Trim tier 2+3 skills to eval-proven content (83% reduction)#1245
Conversation
Based on iteration-4 eval data (20 runs, independent grading), removed content the model already knows and kept only what it actually gets wrong without the skill: - eip-712 (230→60 lines): Keep shared utility module, as const pattern - siwe (547→100 lines): Keep viem-not-siwe-pkg, domain validation, lazy session getter, hasSeenWalletConnected ref - erc-721 (211→65 lines): Keep _safeMint reentrancy, SVG stack-too-deep, attributes array, IPFS trailing slash - erc-20 (159→65 lines): Keep ERC20Capped, SafeERC20, fee-on-transfer - defi-protocol-templates (443→40 lines): Convert to checklist (0pp delta) - solidity-security (533→35 lines): Convert to checklist (-10pp delta) Co-Authored-By: Claude Opus 4.6 (1M context) <noreply@anthropic.com>
0f53c21 to
638a2a8
Compare
|
Great analysis! When I tested the ERC-20 skill, I checked the resulting code with and without the skill, and using the skill was better. You can find the comment here scaffold-eth/create-eth-extensions#118 (comment) Now it seems like the ERC-20 skill is not needed anymore. Is this for something that changed from when I did the test or something else? |
|
@damianmarti Great catch! You were right, the ERC-20 skill was providing real value that our eval wasn't measuring. I re-ran the eval with assertions based on your specific findings (named imports,
So instead of restoring the ERC-20 skill, we're adding a unified OpenZeppelin skill inspired by OZ's official skill. It teaches:
This covers ERC-20, ERC-721, and any future OZ contract in one skill. The ERC-721 skill stays for NFT-specific pitfalls ( Eval data for iterations 6-7 pushed to PR #1241. |
|
@technophile-04 great! thanks!! |
|
@technophile-04 maybe add something for ERC20Permit? (with skill is 0/3 now) |
|
@damianmarti Good point — I shouldn't have included ERC20Permit in that table since it's 0/3 on both sides (not discriminating).
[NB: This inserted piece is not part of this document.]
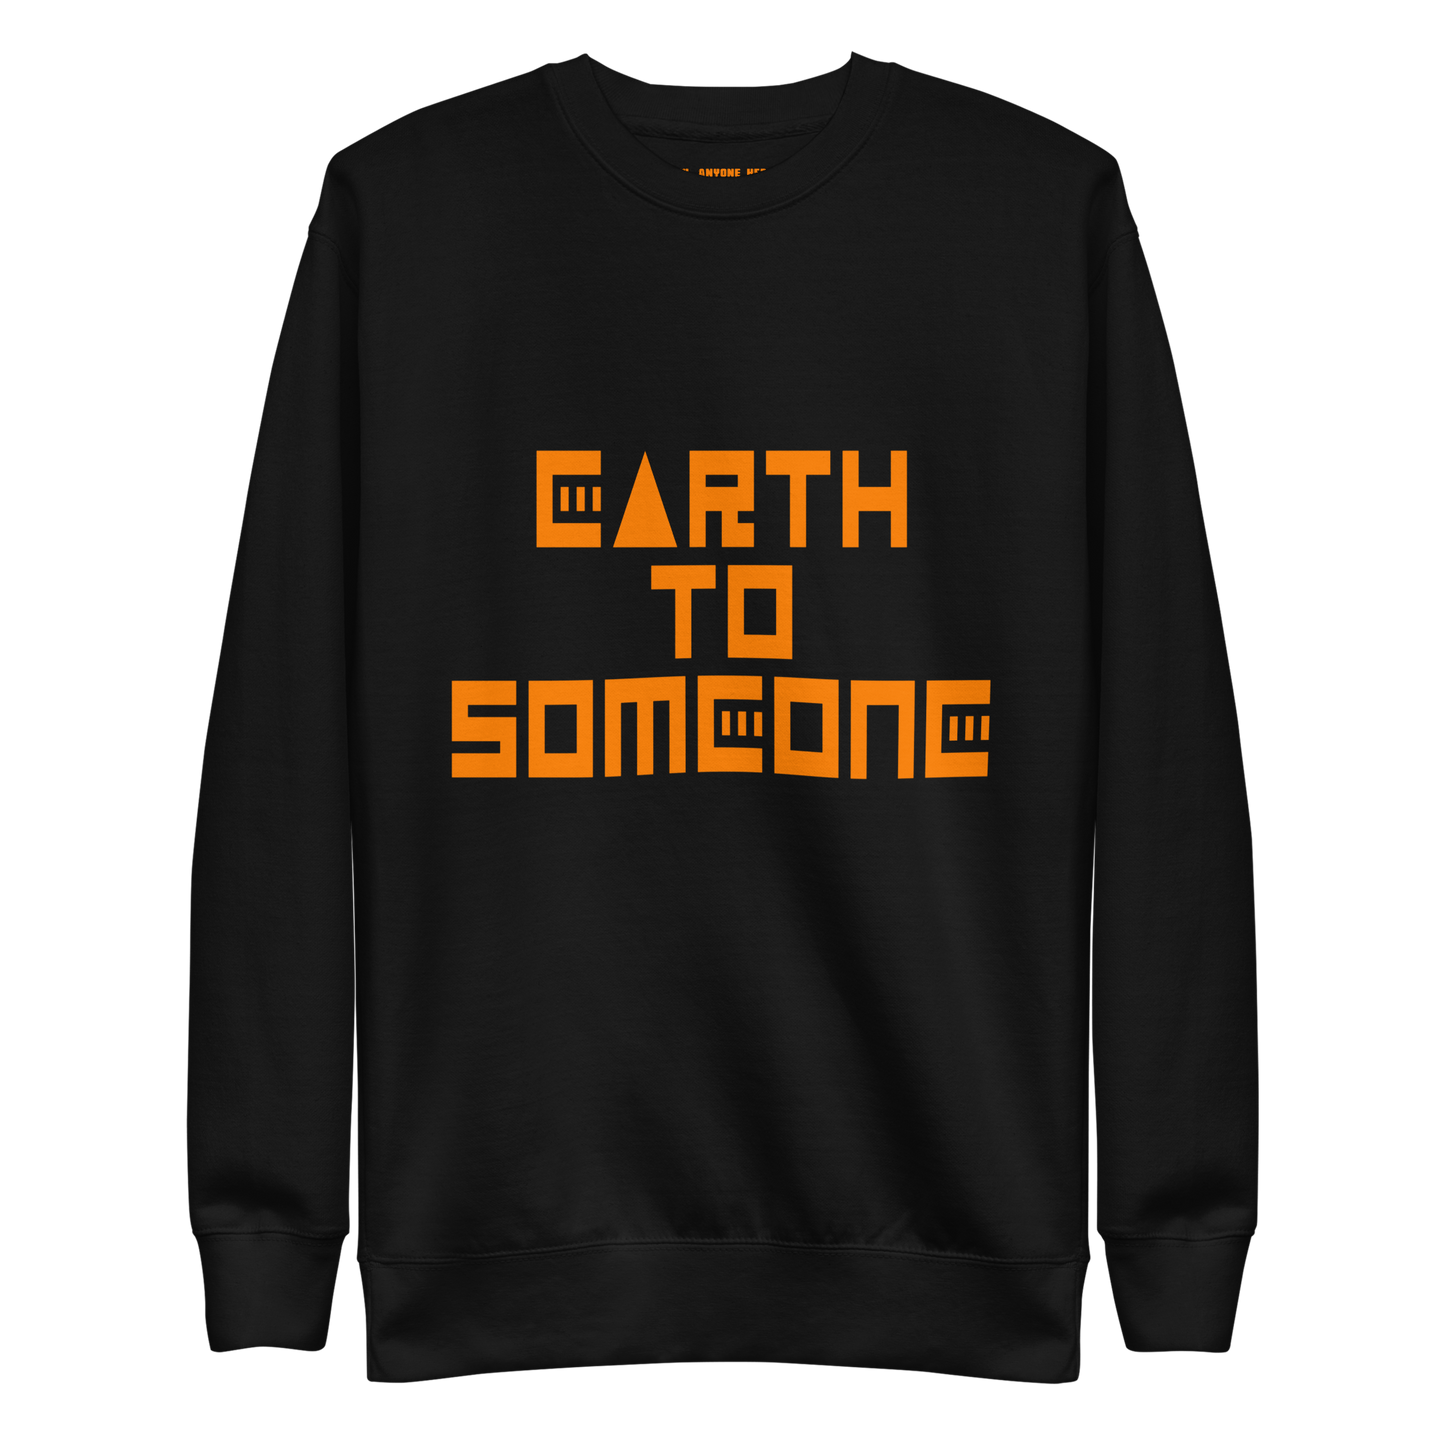 EARTH TO SONEONE sweatshirt

The table should have only shown the assertions that actually differentiated. On whether to add ERC20Permit guidance: when we tested with a prompt that explicitly said "gasless approvals", both with-skill and without-skill got it right (5/5). So the model knows ERC20Permit — it just doesn't add it unprompted. The question is: should the OZ skill teach "always include ERC20Permit for new ERC-20 tokens"? Happy to add that if you think it's the right default. Really sorry if it feel a bit AI'E my agent just directly posted a comment, but lol keeping it since look good |
mmmmm, I don´t know really. Maybe leaving as an explicit feature to add is ok.
:-) |
Yup then will keep it as is 🙌 |
rin-st
left a comment
There was a problem hiding this comment.
Looking good to me, but see the comment regarding erc-721
The model reads "mirror import style from source" but doesn't actually check the source files. Adding a concrete example fixes this — the model needs to SEE the pattern, not be told to discover it. Co-Authored-By: Claude Opus 4.6 (1M context) <noreply@anthropic.com>
|
Thanks @rin-st and @damianmarti for testing!! |
Summary
Iteration 4 Findings
Tier 2+3 skills show dramatically smaller uplift than tier 1:
Per-skill results
as constpatternsiwenpm pkg, domain validationKey insight
The model already knows ERC-20, ERC-721, DeFi staking, and Solidity security well enough. These skills encode preference, not capability. Only eip-712 and siwe show real discriminating assertions (shared utility module,
as const, viem SIWE, domain validation).What was kept (trimmed)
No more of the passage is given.